Does corporate America see a future in the United States?
http://www.epi.org/blog/does-corporate-america-see-a-future-in-the-united-states/

Does corporate America see a future in the United States?

This article was originally posted on Good Jobs First's blog

When the term "Rustbelt" was coined in the 1980s and activists learned the early warning signs of a plant closing, one of those indicators was tax dodging. If a company knew it was planning to close a factory, it would often challenge its property tax assessment or seek other tax breaks. And why not? If it didn't expect to be hiring locally in the future, why should an employer care about the quality of the schools?

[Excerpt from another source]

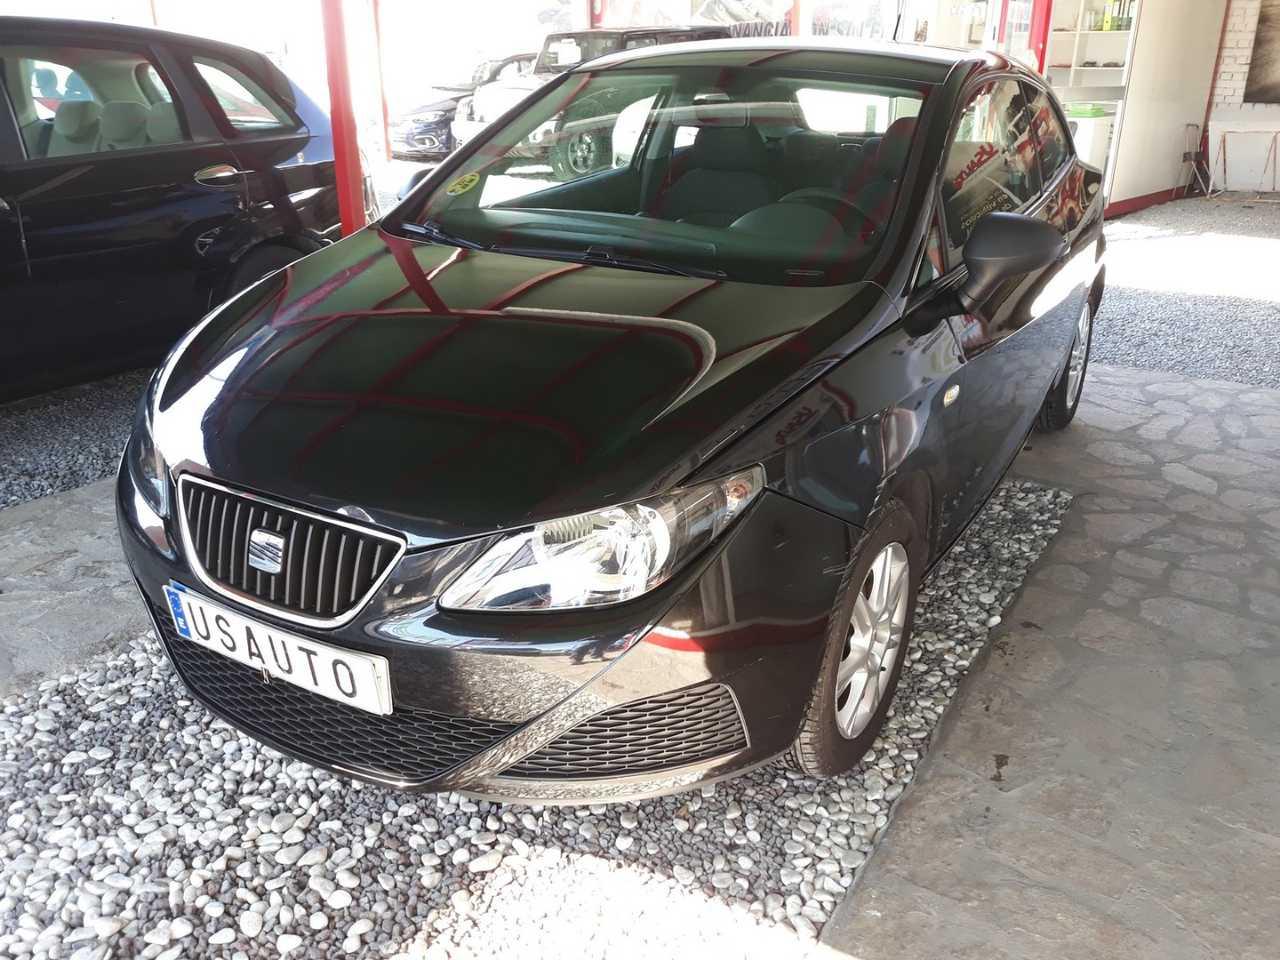 Seat Ibiza 1.4 TDI Ecomotive 80 cv   - Foto 1

The national trend today looks like the Rustbelt 1980s on steroids. President Trump's budget proposal follows the playbook that corporate lobbyists have long pushed in state legislatures: tax cuts for companies and the rich, coupled with dramatic cuts to services that benefit everyone. The resulting permanent damage to those public services begs the question: is Corporate America intentionally disinvesting, abandoning our nation?

In recent years, states and localities across the country have made drastic cuts to essential public services. Texas eliminated over 10,000 teaching jobs, and ended full-day preschool for 100,000 low-income kids. The city of Muncie, Indiana eliminated so many firefighter positions that the area of the city that fire trucks can reach within eight minutes was cut in half. In Milwaukee, budget cuts left the public transit reaching 1,300 fewer employers in 2015 than in 2001.

Local health departments were forced to cut back everything from neonatal care to cancer screening to vision and hearing tests for school children to inspecting food safety in local restaurants. Officials reported that if the nation faces an outbreak similar to the H1N1 flu epidemic, many localities will be unable to vaccinate their residents. Budget cuts were particularly devastating in the country's school systems. In 2010, the national student-teacher ratio increased for the first time since the Great Depression; and seven years after the onset of the Great Recession, most states had still not restored per-pupil spending to pre-recession levels.

Most striking about these cuts: the legislators who enacted them and the business lobbies that championed them treated them not as temporary tragedies to be repaired when revenues bounced back, but as long-desired permanent cuts to public services. Indeed, many legislatures locked in poorer tax bases by enacting new tax giveaways to corporations and the rich while slashing funding for schools, libraries, and health care. In the same year that Ohio ended full-day kindergarten, legislators phased out the state's inheritance tax—which had only ever affected the wealthiest seven percent of families.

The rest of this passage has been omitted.